Secular feminisms and Islamic feminisms: some instances in the Arab world

In Muslim societies, the first treatises in favour of the emancipation of women appeared in the 19th centuries and were devised by reformist religious men and nahda[1] thinkers. This intellectual trend – to which the islah[2] was associated – was animated by men and women from different faiths (Muslims, Christians and Jews) and reflects the diversity of the Arab World.

The Nahda's reformist and feminist elites

From the outset, some of the Nahda actors saw the issue of women's education as a prerequisite condition to the process of modernisation of the mainly Muslim Arab world; such was Rifa'a al-Tahtawi[3] who was in charge of the first mission of Al-Ahzar University students in France at the end of the 1920s. As a result, he proceeded to sift through Islam's fundamental texts (Quran and hadith) in the light of the new ideas being framed in the European languages. He published The Honest Guide for Education of Girls and Boys: in open advocacy for girls' education, this pioneering work promotes gender equality regarding access to education. Al-Tahtawi wards off the adversaries of girls' education, found notably in Al-Hazar's conservative circles, with a virulent critique grounded in religious arguments, citing some of the Prophet's wives, namely Aisha and Hafsa who were educated women.

Two generations later, the Nahda sprang out another leading light in the person of Qasim Amin[4] . His major contribution is to be found in two founding essays, namely Tahrir al-mara (The Liberation of Woman) and al-Mara al-jadida (The New Woman, 1900). In these books he champions the improvement of women's (in his view parlous) condition in Muslim societies, the primacy of reason, the modernisation of Islam, access to education for all, etc... The first book, published in 1899, raised a hue and cry in conservative circles and marked a sea change in Egyptian society. The book, which relies on theological arguments, amounts to a strong advocacy in favour of women's emancipation, the end of sexual segregation, the access of women to education, the abolition of repudiation and polygamy.

Against this background of intellectual ferment whence elites emerged that did not owe all their knowledge to a still pivotal religious training and education, Qasim Amin's books influenced Tahar Haddad[5] . In Our Women in the Sharia[6] and Society (1930), the Tunisian scholar first analysed the impact of Sharia law on women's condition in order to propose a theological argumentation that sought to reconcile religion and modernity. He calls for the legal emancipation of women, their education, and their involvement in social life, while also advocating successoral equality and the foregoing of polygamy and repudiation.
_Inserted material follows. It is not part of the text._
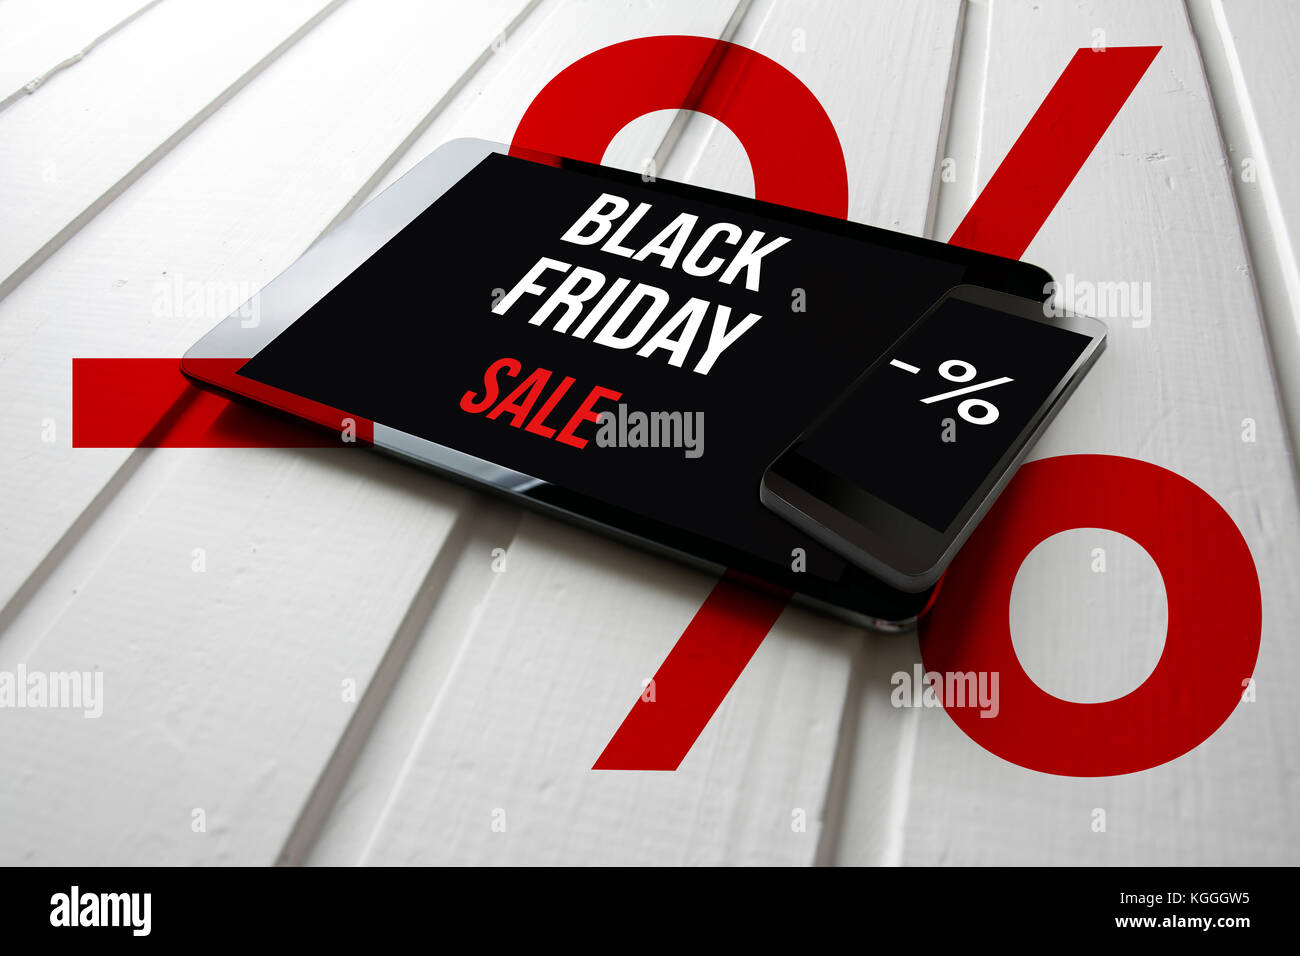 Black friday sale promotion on computer tablet screen, on white wood with percent symbol, online shopping concept. Stock Photo

To this end, he relies on a rational and contextualised interpretation of the founding sources of Islam, championing a dynamic reading of the scriptural texts (Quran and hadith) differentiating between two levels, namely the so-called immutable truths (e.g. the oneness of God, justice etc.) and mutable laws (e.g. matrimonial, social, relational), which amount to a 7th century-specific set of conventions found in Islamic sources and destined to be adjusted to societal evolutions. The Sharia relating to women's status (e.g. marital subjugation, inheritance ...) belongs with these changeable laws, it must be reassessed with in mind a gender equality on a par with the Quranic spirit and the exemplarity of the Prophet of Islam. Haddad's proposals, though violently censured by conservative politicians and traditional religious types were taken into consideration, a few months after Tunisia's independence, for the promulgation of the August 1956 Code of Personal Status.

  1. Nahda 

    literally translates as awakening in Arabic . The term refers to a full range of reforms brought about in the political, literary, artistic, social and religious fields in the Arab Middle East in the second half of the 19th century as a result of contacts with Europe.

  2. Islah 

    Muslim “reformism”. Its champions call for the return to what they deem an ”authentic” Islam while at the same time considering possible convergences between the faith and modern concepts of citizenship, democracy and women's emancipation

  3. Rifa'a al-Tahatawi (1801-1873)

    Muslim scholar who studied under Sheikh Hassan El-Attar who visited the Institut d'Égypte founded by Bonaparte. His experience of France inspired his book titled Takhlis al-ibriz ila takhlis Bariz (A Paris Profile). He translated many works into Arabic.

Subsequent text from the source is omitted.